Additionally, since this is multi-class classification, some arguments will have to be changed within each algorithm:
import pandas as pd
import sklearn as sk
from sklearn.linear_model import LogisticRegression
from sklearn import svm
from sklearn.ensemble import RandomForestClassifier
from sklearn.neural_network import MLPClassifier
vowel_train = pd.read_csv('vowel.train.csv', sep=',',header=0)
vowel_test = pd.read_csv('vowel.test.csv', sep=',',header=0)

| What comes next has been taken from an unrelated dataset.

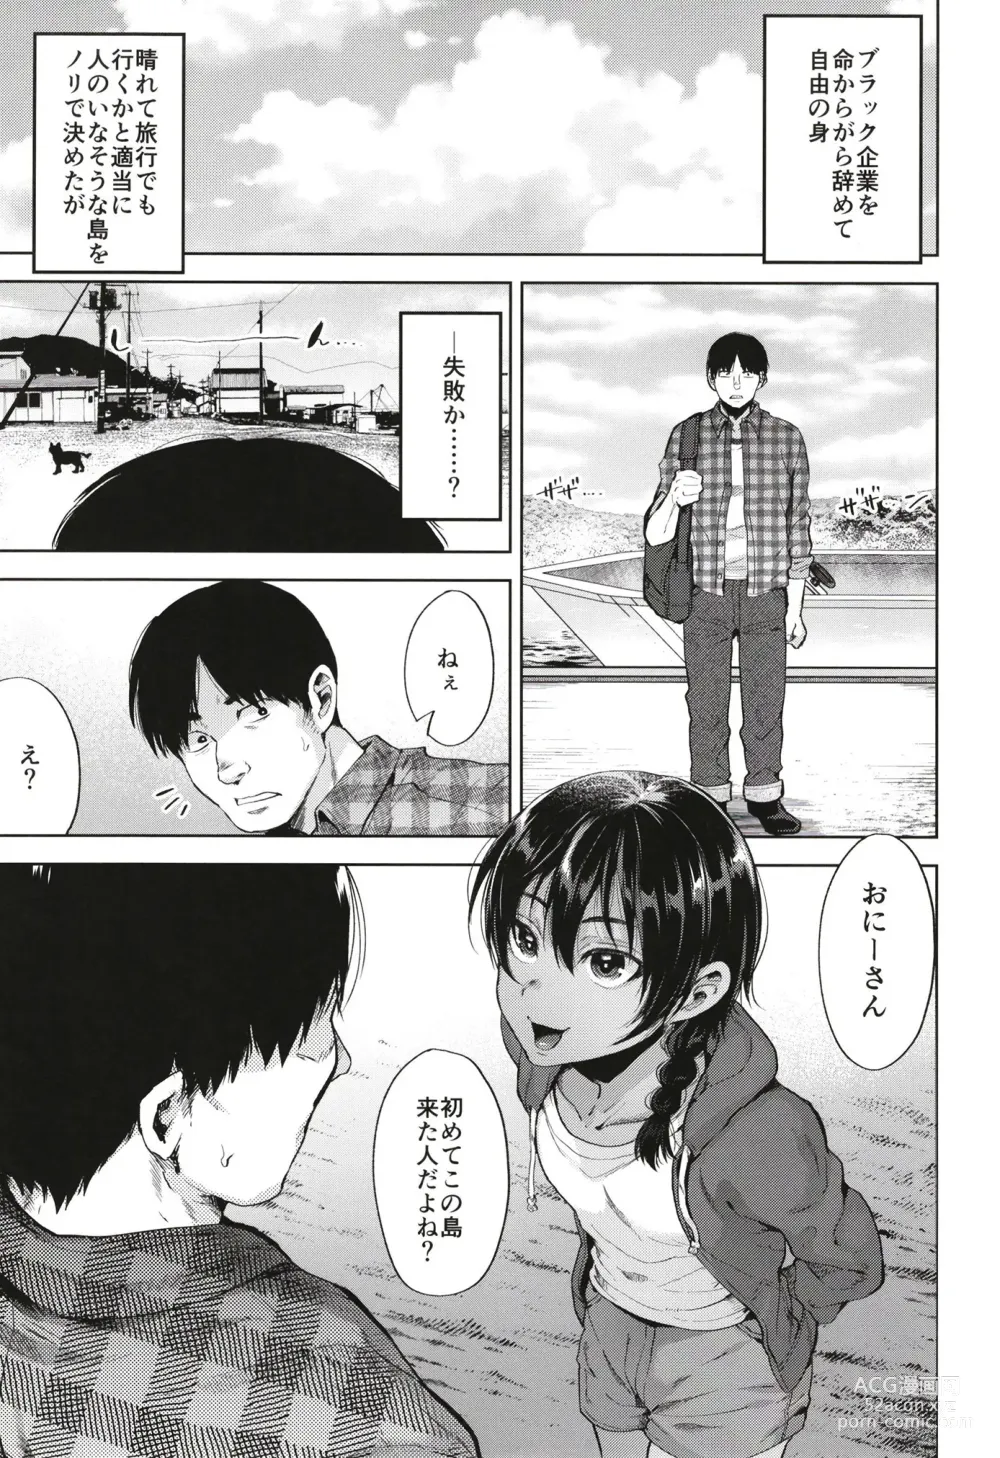 Page 5 of doujinshi Onigo matsurinoyoru
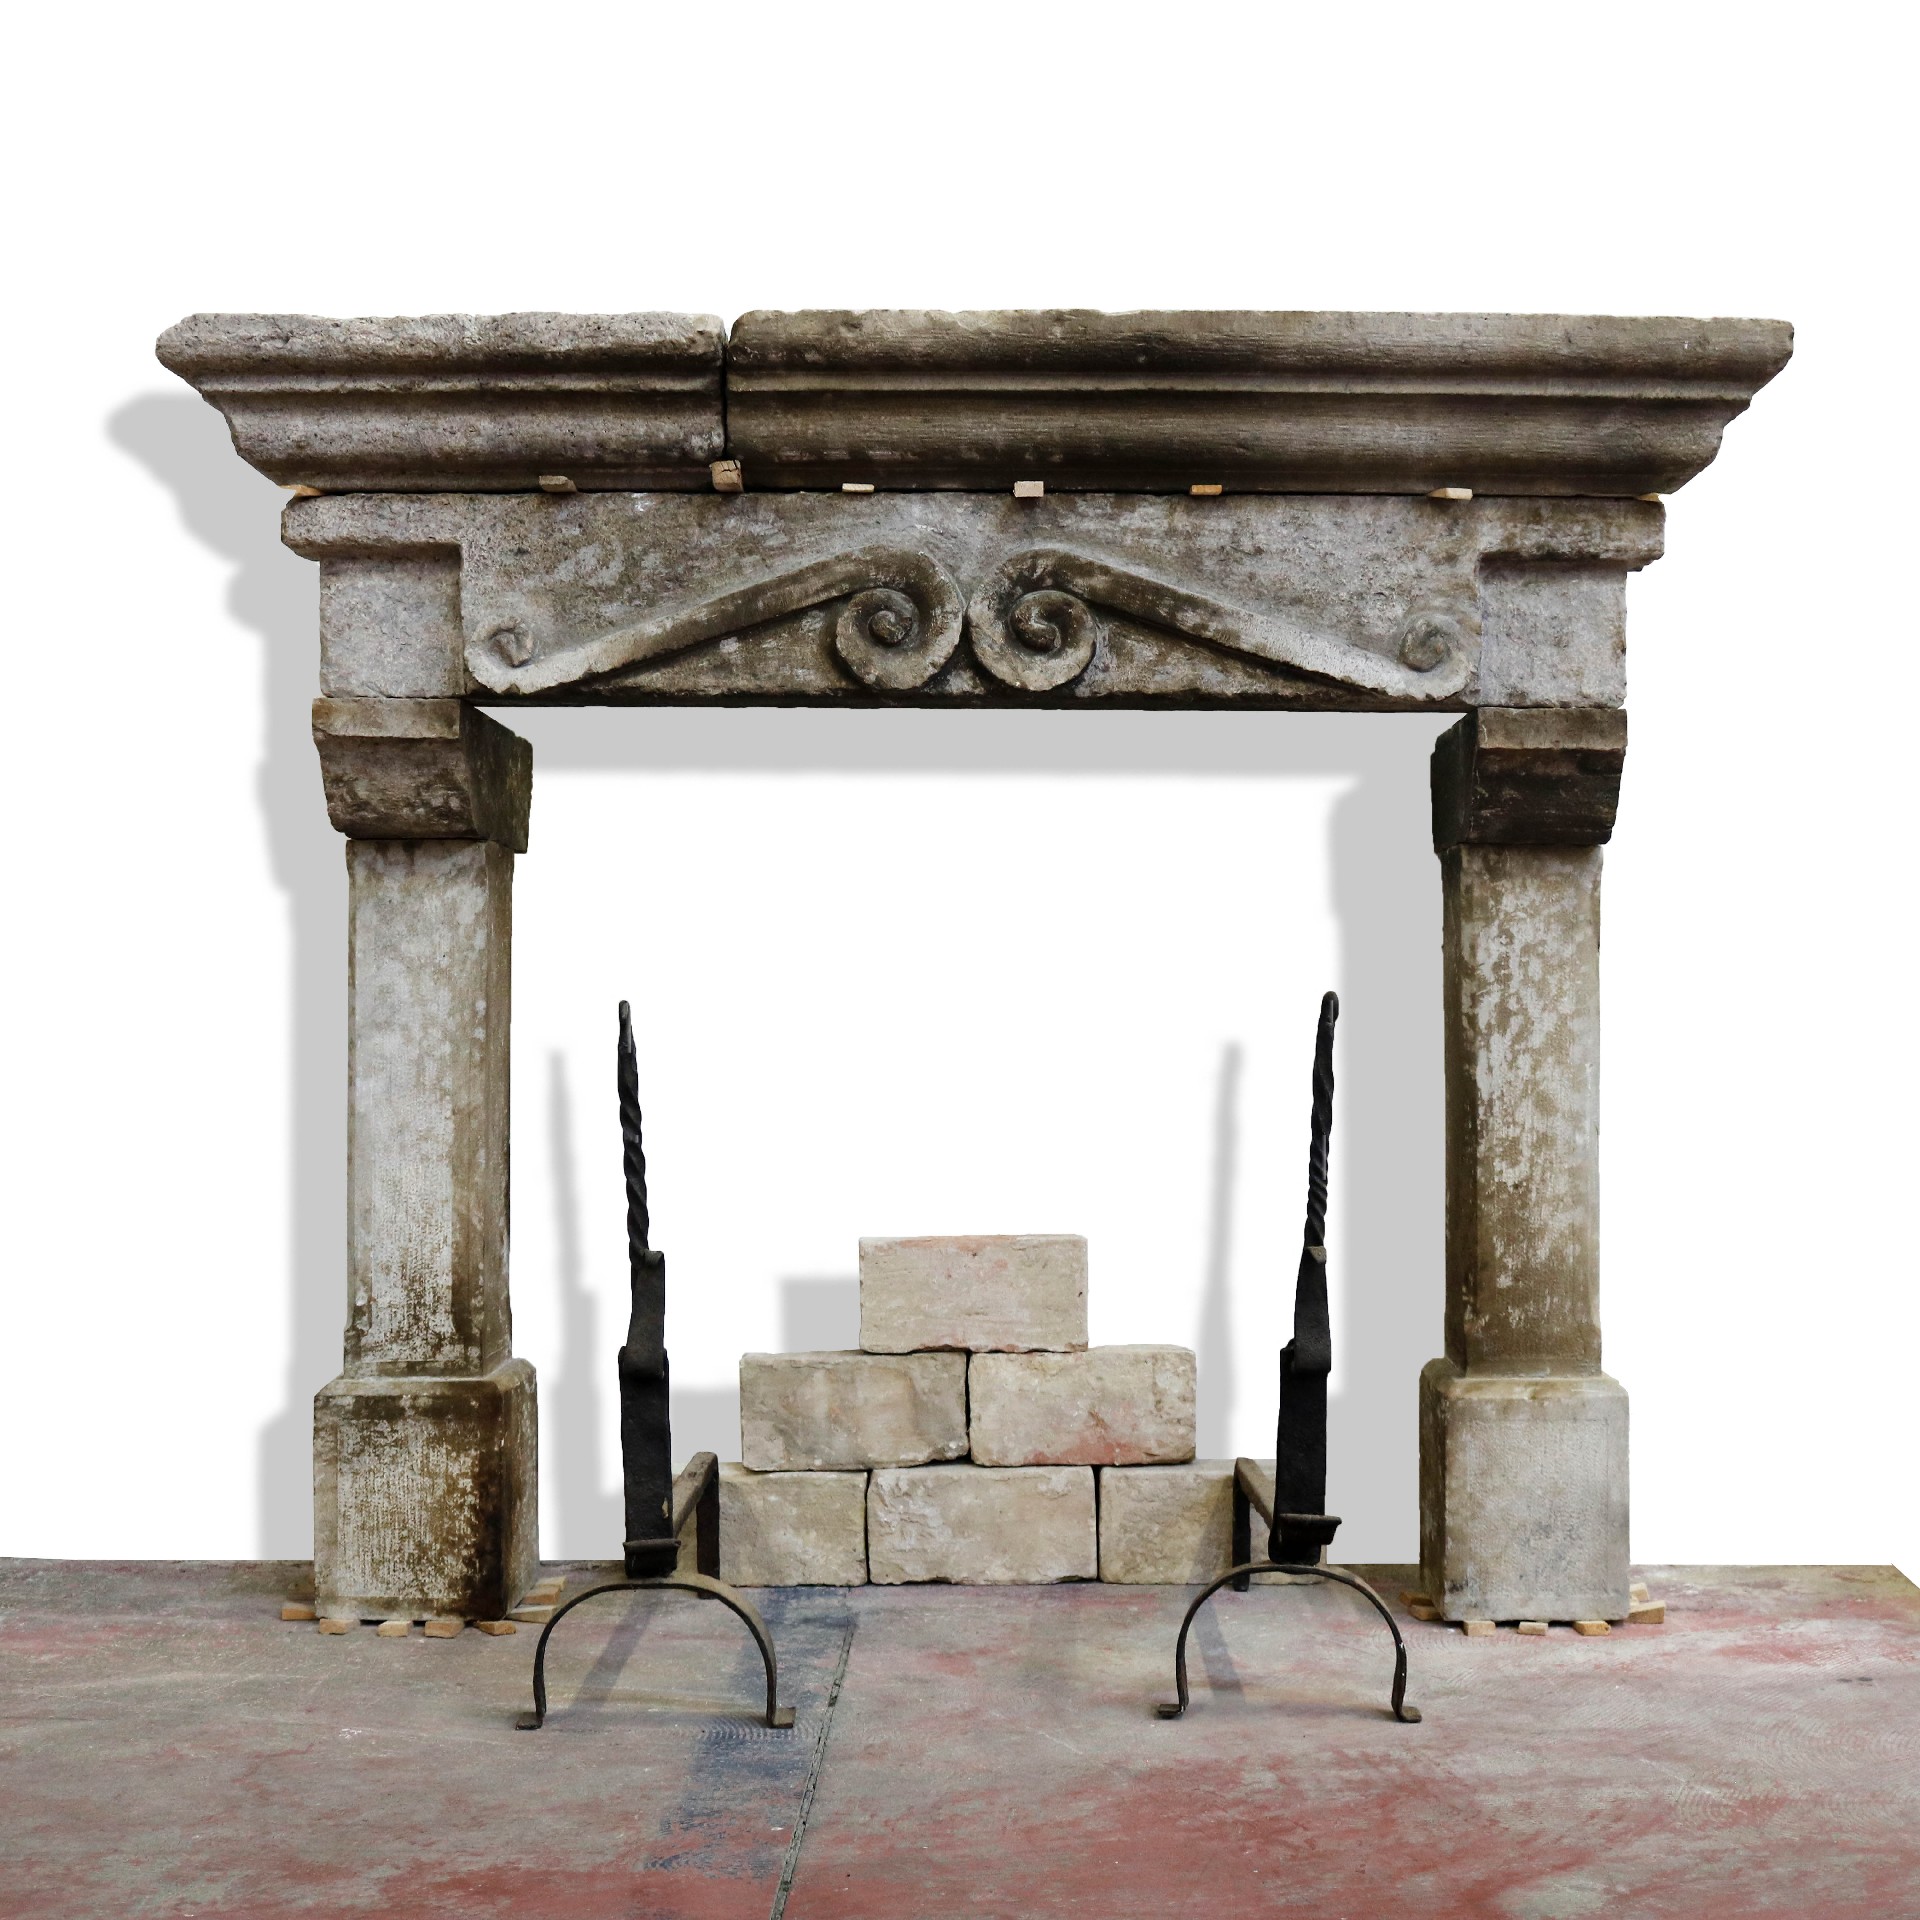 Camino antico in pietra, cm 125x104 h. - Camini Antichi - Camini e Accessori - Prodotti - Antichità Fiorillo

y_tr = vowel_train.iloc[:,0]
X_tr = vowel_train.iloc[:,1:]
y_test = vowel_test.iloc[:,0]
X_test = vowel_test.iloc[:,1:]
LR = LogisticRegression(random_state=0, solver='lbfgs', multi_class='multinomial').fit(X_tr, y_tr)
LR.predict(X_test)
round(LR.score(X_test,y_test), 4)
SVM = svm.SVC(decision_function_shape="ovo").fit(X_tr, y_tr)
SVM.predict(X_test)
round(SVM.score(X_test, y_test), 4)
RF = RandomForestClassifier(n_estimators=1000, max_depth=10, random_state=0).fit(X_tr, y_tr)
RF.predict(X_test)
round(RF.score(X_test, y_test), 4)
NN = MLPClassifier(solver='lbfgs', alpha=1e-5, hidden_layer_sizes=(150, 10), random_state=1).fit(X_tr, y_tr)
NN.predict(X_test)
round(NN.score(X_test, y_test), 4)
0.5455
Although the implementations of these models were rather naive (in practice there are a variety of parameters that can and should be varied for each model), we can still compare the predictive accuracy across the models. This will tell us which one is the most accurate for this specific training and test dataset:
Model | Predictive Accuracy |
---|---|
Logistic Regression | 46.1% |
Support Vector Machine | 64.07% |
Random Forest | 57.58% |
Neural Network | 54.55% |
This shows us that for the vowel data, an SVM using the default radial basis function was the most accurate.
Conclusion
To summarize this post, we began by exploring the simplest form of classification: binary. This helped us to model data where our response could take one of two states.
We then moved further into multi-class classification, when the response variable can take any number of states.
We also saw how to fit and evaluate models with training and test sets. Furthermore, we could explore additional ways to refine model fitting among various algorithms.